Despite our efforts in fine-tuning SAC, we observed unstable training and poor lane adherence, leading us to explore alternative approaches.

PPO Approach

Through extensive experimentation, we determined that Proximal Policy Optimization (PPO) was a better fit for our project. PPO’s on-policy learning and sample efficiency made it a more stable choice for lane-following and collision avoidance.

Observation and Policy:
- Uses a CNN-based policy to process image-based inputs.
- Modified input to 84×84 resolution with a 3-frame stack for improved temporal awareness.
Model Parameters
- Learning Rate: 3e-4
- Steps per Rollout (N Steps): 1024
- Batch Size: 256
- N Epochs: 10
- Gamma (Discount Factor): 0.99
- GAE Lambda: 0.95
- Clip Range: 0.3
- Entropy Coefficient (ent_coef): 0.01
- Value Function Coefficient (vf_coef): 0.5
- Max Gradient Norm: 0.5
Simulator Parameters
- Domain Randomization: False
- Max Steps per Episode: 250
- Draw Curve: False
- Draw Bounding Box: False
- Camera Width: 84
- Camera Height: 84
Training Configuration
- Seed: 47
- Number of Environments: 8
- Reinforcement Learning Algorithm:
  - Stable Baseline 3 PPO
- Total Timesteps: 5,000,000
Training Details:
- Basic PPO Training: Initial experiments using a baseline PPO model.
- Framestacked PPO Training: Trained in 3M and 5M timesteps in loop_empty after fixing the camera resolution and adding frame stacking.
- PPO with DDPG Reward: Trained in 3M and 5M timesteps in small_loop after integrating the DDPG reward function.
- PPO with DtReward: Further training in 3M and 5M timesteps using the DtReward function for better lane-following stability.
- Latest Update: Applied a basic obstacle avoidance reward to improve real-world applicability.

Custom Reward Function

Encouraging Forward Motion:
- The agent is rewarded for moving forward in a stable manner.
- Prevents the vehicle from spinning in place or getting stuck.
Penalizing Lane Deviations:
- Negative rewards are applied when the vehicle moves out of its lane.
- Encourages alignment with the center of the lane to improve navigation.
Minimizing Collisions:
- A heavy penalty is assigned when the vehicle collides with obstacles.
- Ensures the model learns to avoid objects and drive cautiously.
Discouraging Reverse Driving:
- A slight penalty is given when the agent moves in reverse unnecessarily.
- Reinforces forward driving as the optimal strategy.
Lane-Centric Corrections:
- The agent receives feedback based on lane-center distance and angle.
- Helps refine turning and smooth lane-following behavior.
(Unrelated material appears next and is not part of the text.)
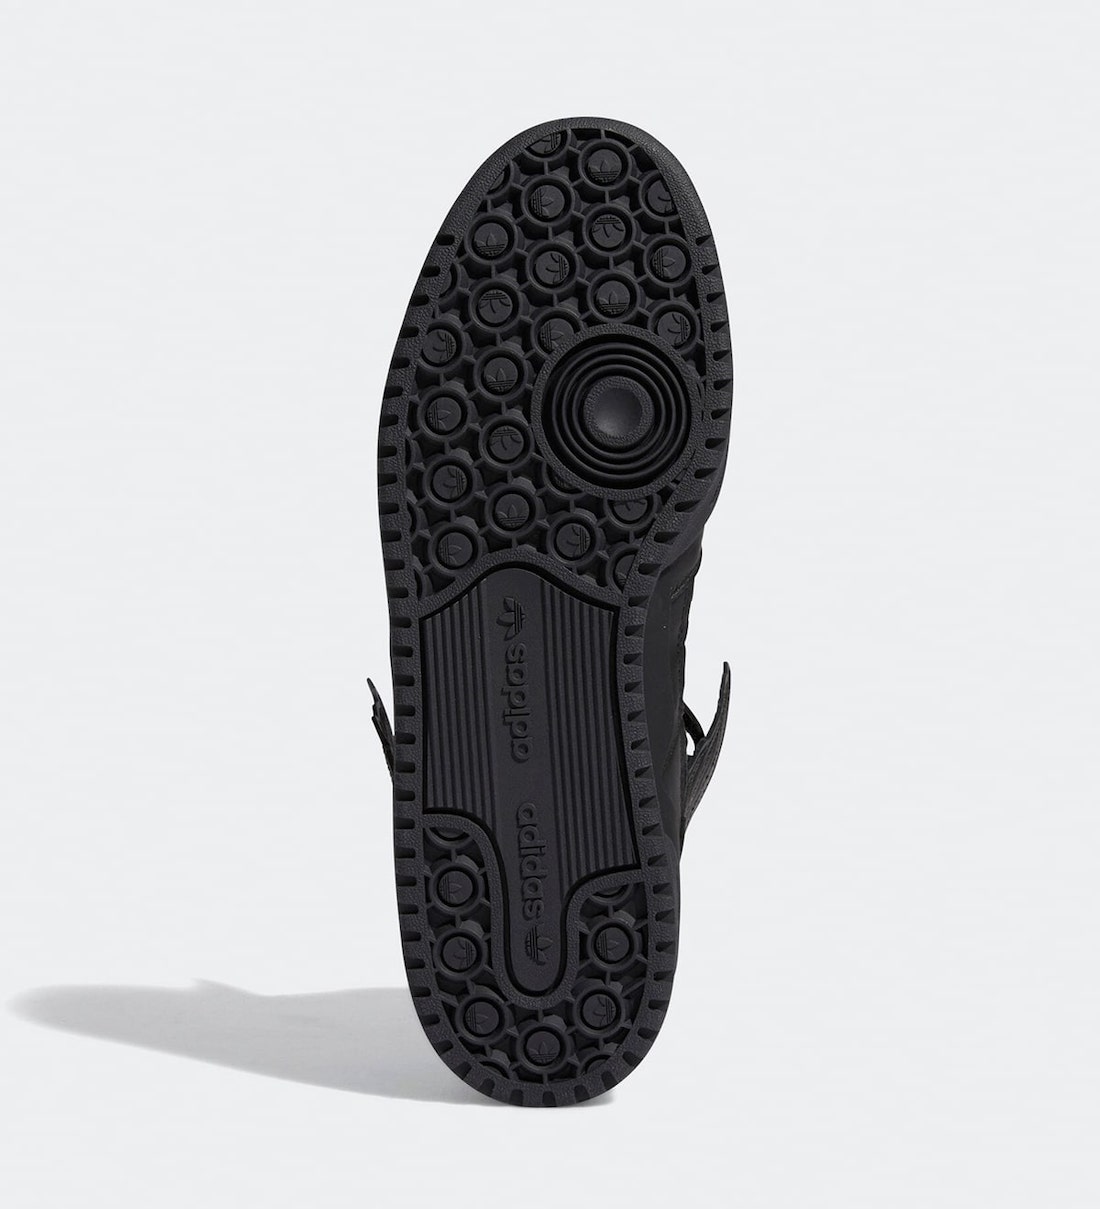 Jeremy Scott x adidas Forum Hi Wings 4.0 Black GY4419 Release Date 
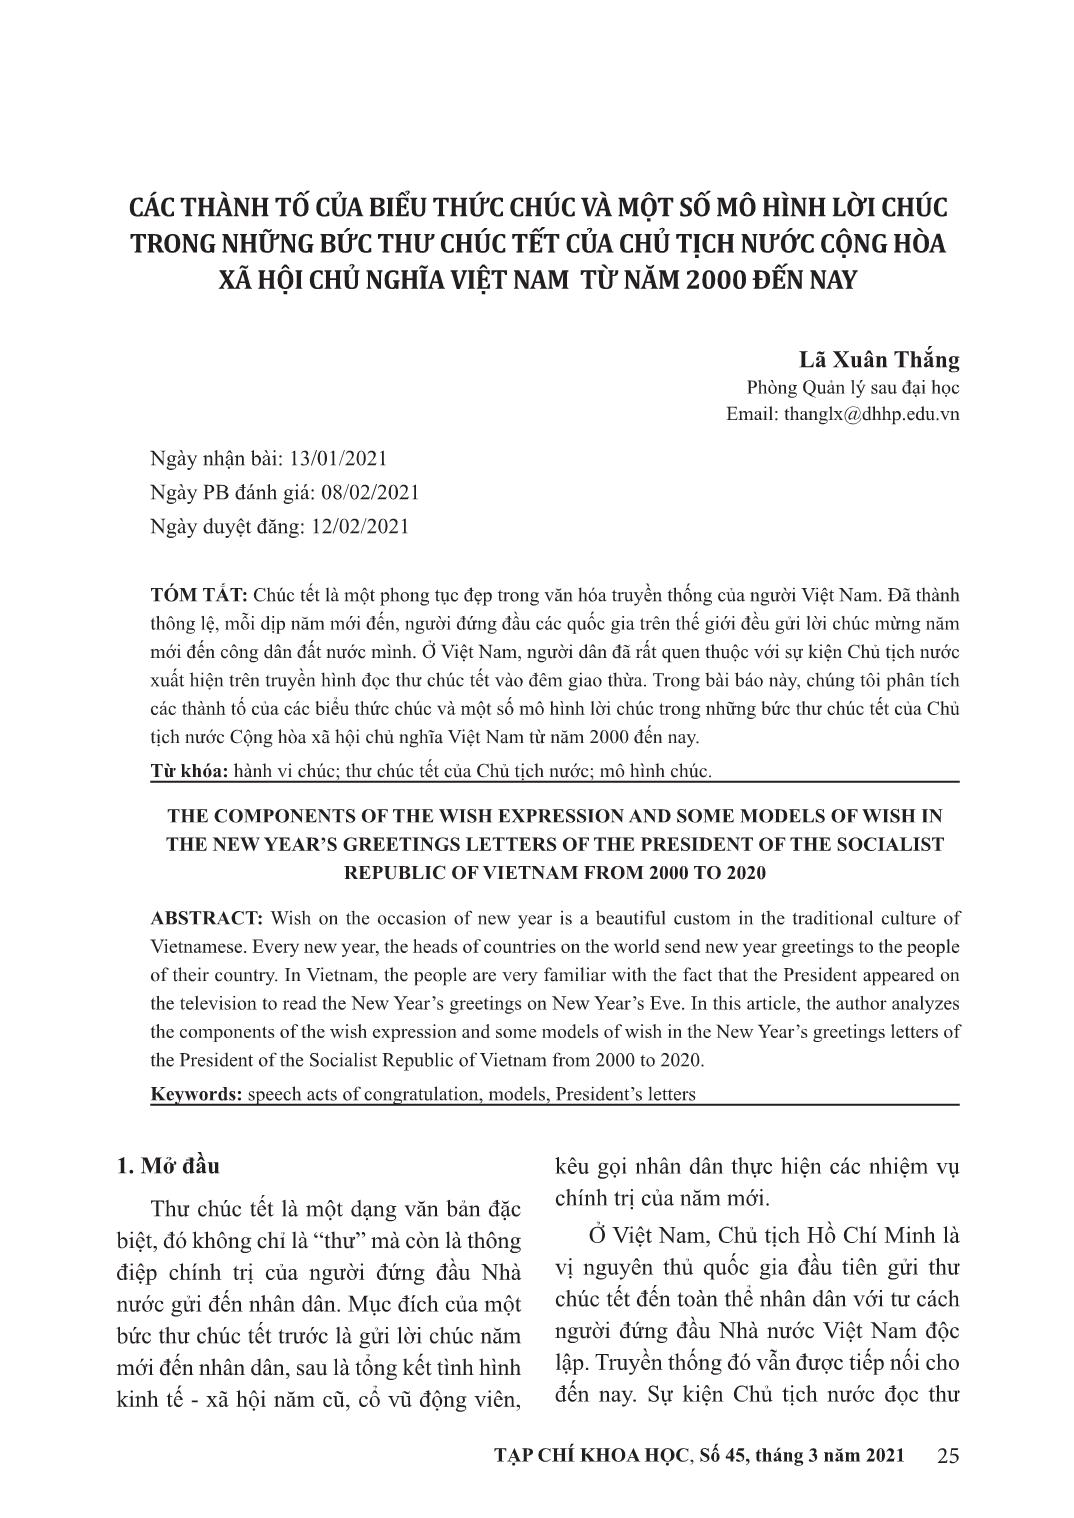 Các thành tố của biều thức chúc và một số mô hình lời chúc trong những bức thư chúc tết của chủ tịch nước cộng hòa xã hội chủ nghĩa Việt Nam từ năm 2000 đến nay trang 1

Process and Iterative Improvements

Initially, we worked individually to set up simulations and train models using both SAC and PPO. However, as our experiments progressed, we observed better results with PPO, leading us to focus on refining that approach.

Key Iterations and Learnings

Initial Training Challenges:
- Despite extensive training, performance remained suboptimal with standard PPO settings.
- Increasing timesteps and modifying hyperparameters led to only marginal improvements.
Breakthrough with Camera Input Fix:
- A meeting with JB led to a key adjustment—fixing the resolution to 84×84 and implementing a 3-frame stack for the camera input.
- This significantly improved the smoothness of lane-following behavior.
Stability Issues & Reward Modifications:
- Even with improved visual input, the model still struggled with consistent lane adherence.
- Exploring DDPG-based rewards led to higher driving speeds but also instability when obstacles were introduced.
- The vehicle frequently switched lanes or lost control due to unintended penalty structures.
Map Simplification & Reward Tuning:
- To gain better control over training conditions, we transitioned from the “loop_empty” map to the simpler “small_loop” map.
- We replaced the DDPG reward system with the DtReward function from an existing reinforcement learning repo (GitHub Link).
- With these refinements, the DuckieBot demonstrated smoother navigation and better lane centering.

Next Steps

While our model now successfully follows lanes, obstacle avoidance remains a major challenge. Our focus moving forward includes:

Further optimizing PPO’s reward structure to improve generalization.
Expanding training to more complex environments beyond “small_loop.”
Exploring additional model architectures or hybrid approaches for improved robustness.

Evaluation

Quantitative Evaluation

Metrics used for evaluation:

Mean Episode Reward (ep_rew_mean): Measures policy effectiveness. Currently, SAC struggles with lane adherence, leading to lower rewards.
Mean Episode Length (ep_len_mean): Shorter episodes indicate frequent collisions.

Performance Charts:

PPO Experimentation - Early Phases: Testing the Waters!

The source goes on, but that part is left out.